Databac

CLEMENT d'Alexandrie, saint (Titus Flavius)

CLEMENT d'Alexandrie, saint (Titus Flavius). Écrivain grec chrétien, docteur de l'Église. Né probablement à Athènes vers la seconde moitié du IIe siècle, mort peut-être à Antioche vers 215, c'est une des figures les plus remarquables de la littérature grecque chrétienne du IIIe siècle. Né d'une famille païenne et païen lui-même — peut-être initié aux mystères — il se convertit à une date et dans des circonstances que nous ignorons. Une de ses oeuvres, cependant, Le Protreptique, pourrait être révélatrice à cet égard. Il voyagea en Grèce, en Italie, en Syrie, en Palestine, en Égypte, à la recherche d'un enseignement qui satisfasse son désir de connaître la vérité.
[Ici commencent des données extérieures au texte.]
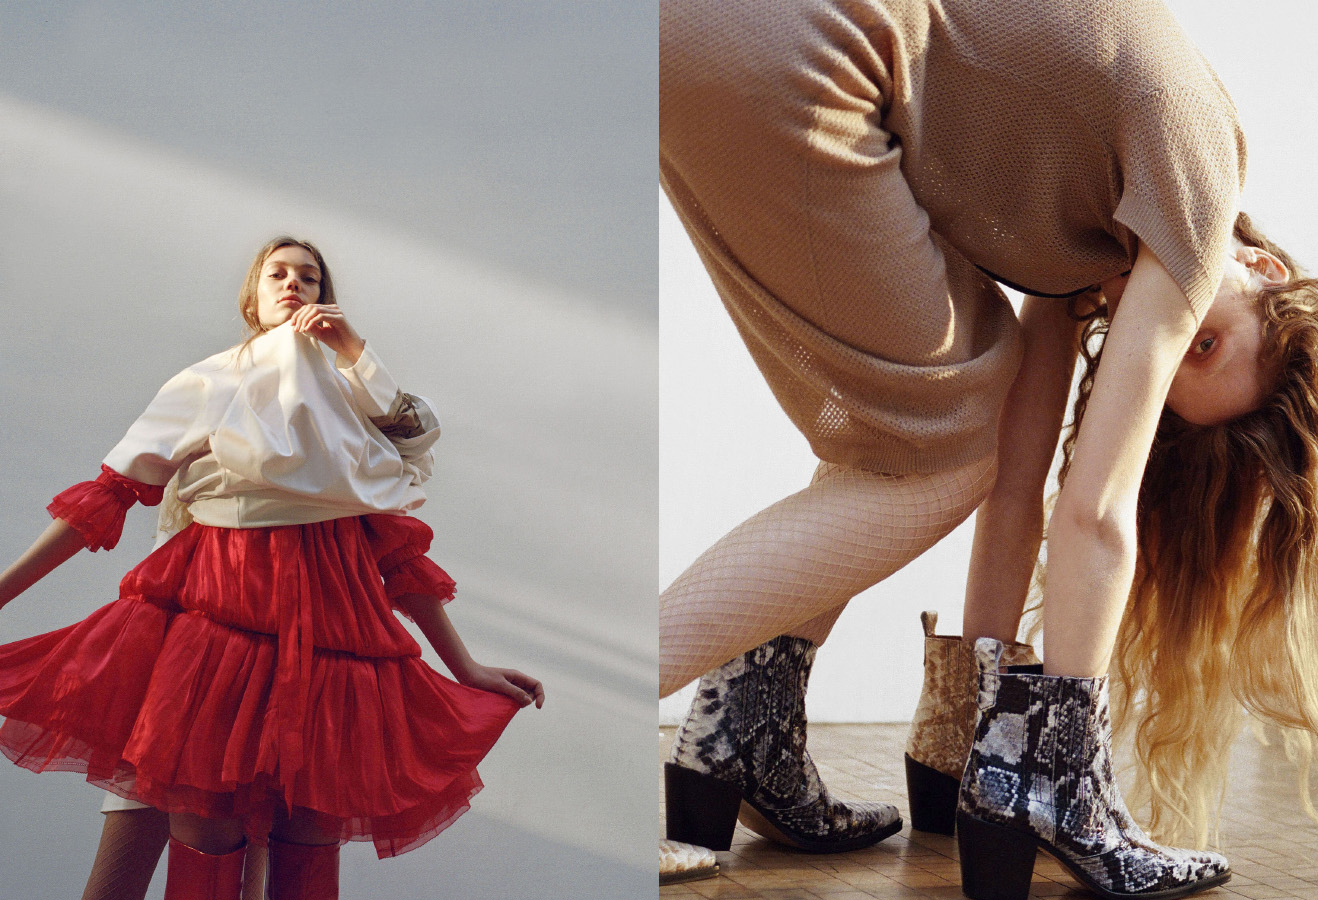 Lydia wears dress   ANGEL CHEN   t-shirt   WAN HUNG   boots  STYLIST'S OWN . Franny wears dress   LUAR  . Franny wears dress   ASTRID ANDERSEN   boots   GANNI
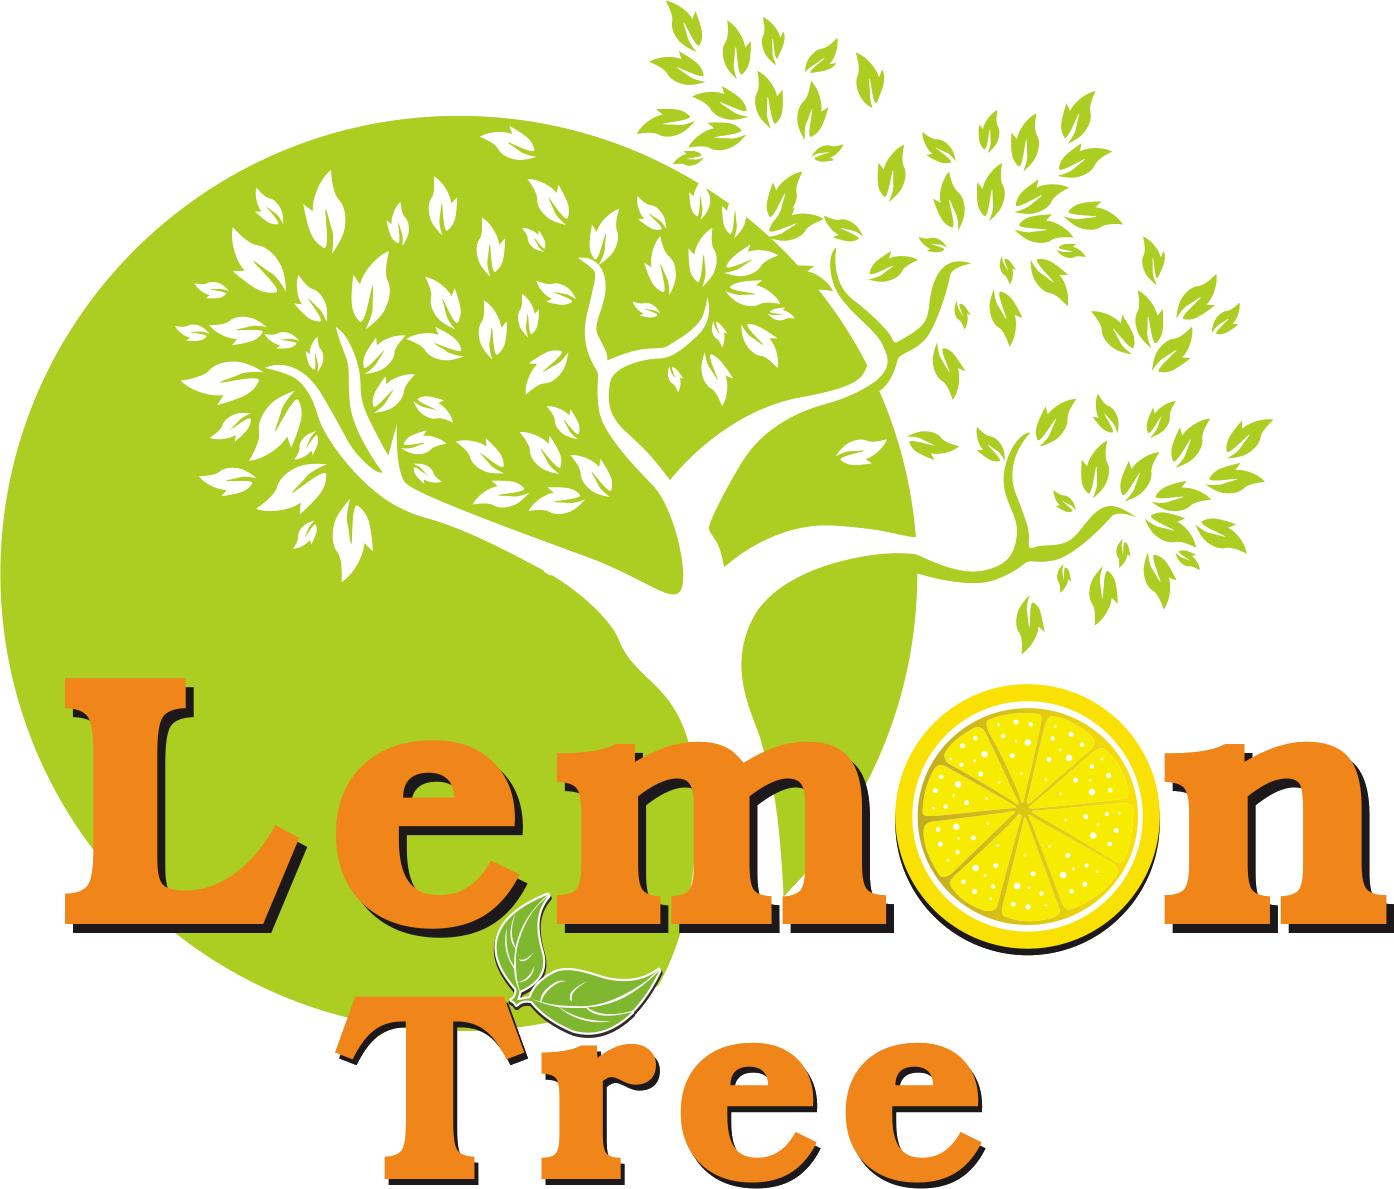 Lemon tree clipart image download Nice Fools Garden Lemon Tree Composition - Beautiful Garden ... image download

Il trouva cette vérité à Alexandrie, dans l'école que dirigeait Pantenos, école dite « Didaska-leion », et dont les tendances mystiques et rationnelles tout à la fois, l'exégèse allégorique et philosophique conquirent très vite son esprit. Après avoir enseigné à son tour, avec Pantenos, il succéda à ce dernier, mort vers 190, et prit la direction de cette fameuse école à laquelle il avait déjà donné un lustre nouveau. Les années pendant lesquelles Clément enseigna au Didaskaleion la religion du Christ — une vingtaine environ — sont parmi les plus fécondes de sa vie. Il s'employa avec tout le zèle d'un apôtre à convertir les rhéteurs, les philosophes, les jeunes gens riches, les femmes élégantes qui hantaient le Didaskaleion. Au moment où Septime Sévère donna l'ordre de persécuter les chrétiens, en 202, Clément fut obligé de quitter définitivement Alexandrie; il se réfugia en Cappadoce et mourut peut-être à Antioche en 215 environ. Clément connaissait parfaitement la littérature et la philosophie grecques, et tenta de faire un accommodement entre cette même philosophie et le christianisme. Il écrivit donc une sorte de trilogie, où la gnose tient une large place, spécialement dans Les Stromates qui complètent Le Protreptique. Ajoutons encore Les Hypotyposes, Quel riche peut être sauve et Le Précepteur. Son oeuvre fut continuée par un de ses disciples, le célèbre Origène, et sans être condamnée comme l'oeuvre de ce dernier, resta toujours assez suspecte.